Испанцев проводил Сен-Люк с чрезвычайной вежливостью до Буржа, оттуда их проводили до границы, и таким образом завершилось взятие Парижа.
Король, решившись рассеяться, в тот же вечер принимал в Лувре герцогиню Монпансье, которую обыграл в карты вместо всякого мщения.
Но если развлечение было не очень веселое, зато мщение было самое полное. Герцогиня вместо резни, которой она ожидала, видела, как украсились все лавки и все дома, как горожане весело разговаривали с военными, как народ пел и смеялся. Лига растаяла, как снег от солнца, и последняя надежда честолюбивых Гизов испарилась, как дым от ветра. Герцогиня воротилась домой серьезно больная и слегла в постель, но никто не занимался ею; гораздо больше говорили о жене одного мясника-лигера, которая умерла от бешенства, узнав о въезде короля в Париж.

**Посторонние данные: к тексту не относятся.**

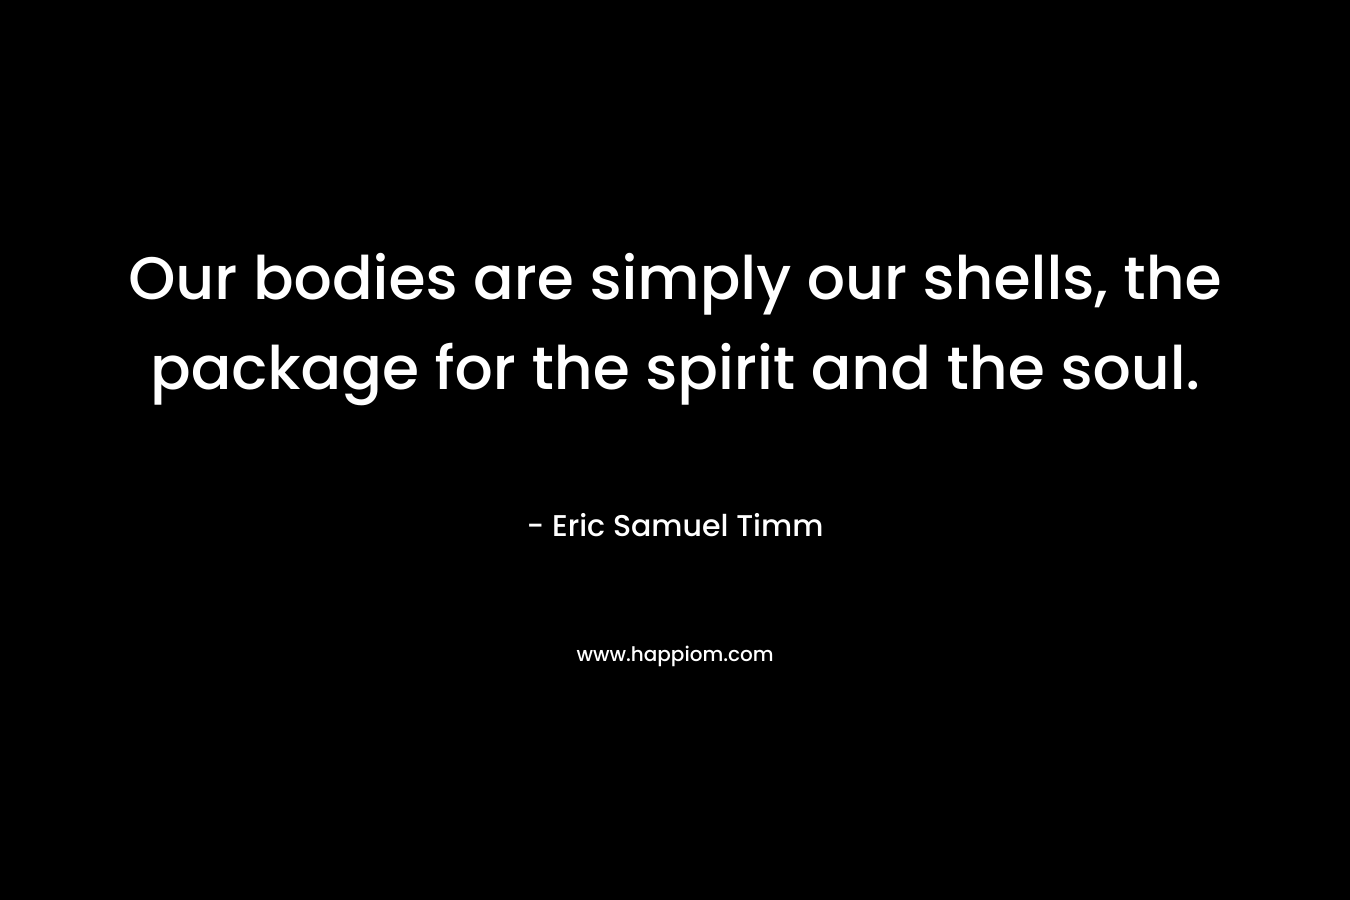 Our bodies are simply our shells, the package for the spirit and the soul. – Eric Samuel Timm

К десяти часам вечера ла Варенн подошел к королю и шепнул ему несколько слов; его величество с лучезарною улыбкой оставил собрание и ушел в свою комнату.
На другое утро на рассвете в одной из зал луврского дворца множество дворян собралось около яркого огня. Они весело завтракали остатками большого пира и разговаривали не о прошлом, а о будущем возродившейся Франции. Это были дежурные гвардейцы, несколько придворных, добившихся милости стеречь короля в его дворце в первую ночь, которую он там провел после стольких лет изгнания и битв. И эти счастливцы, если судить по числу пустых бутылок, должно быть, не скучали, пока король спал.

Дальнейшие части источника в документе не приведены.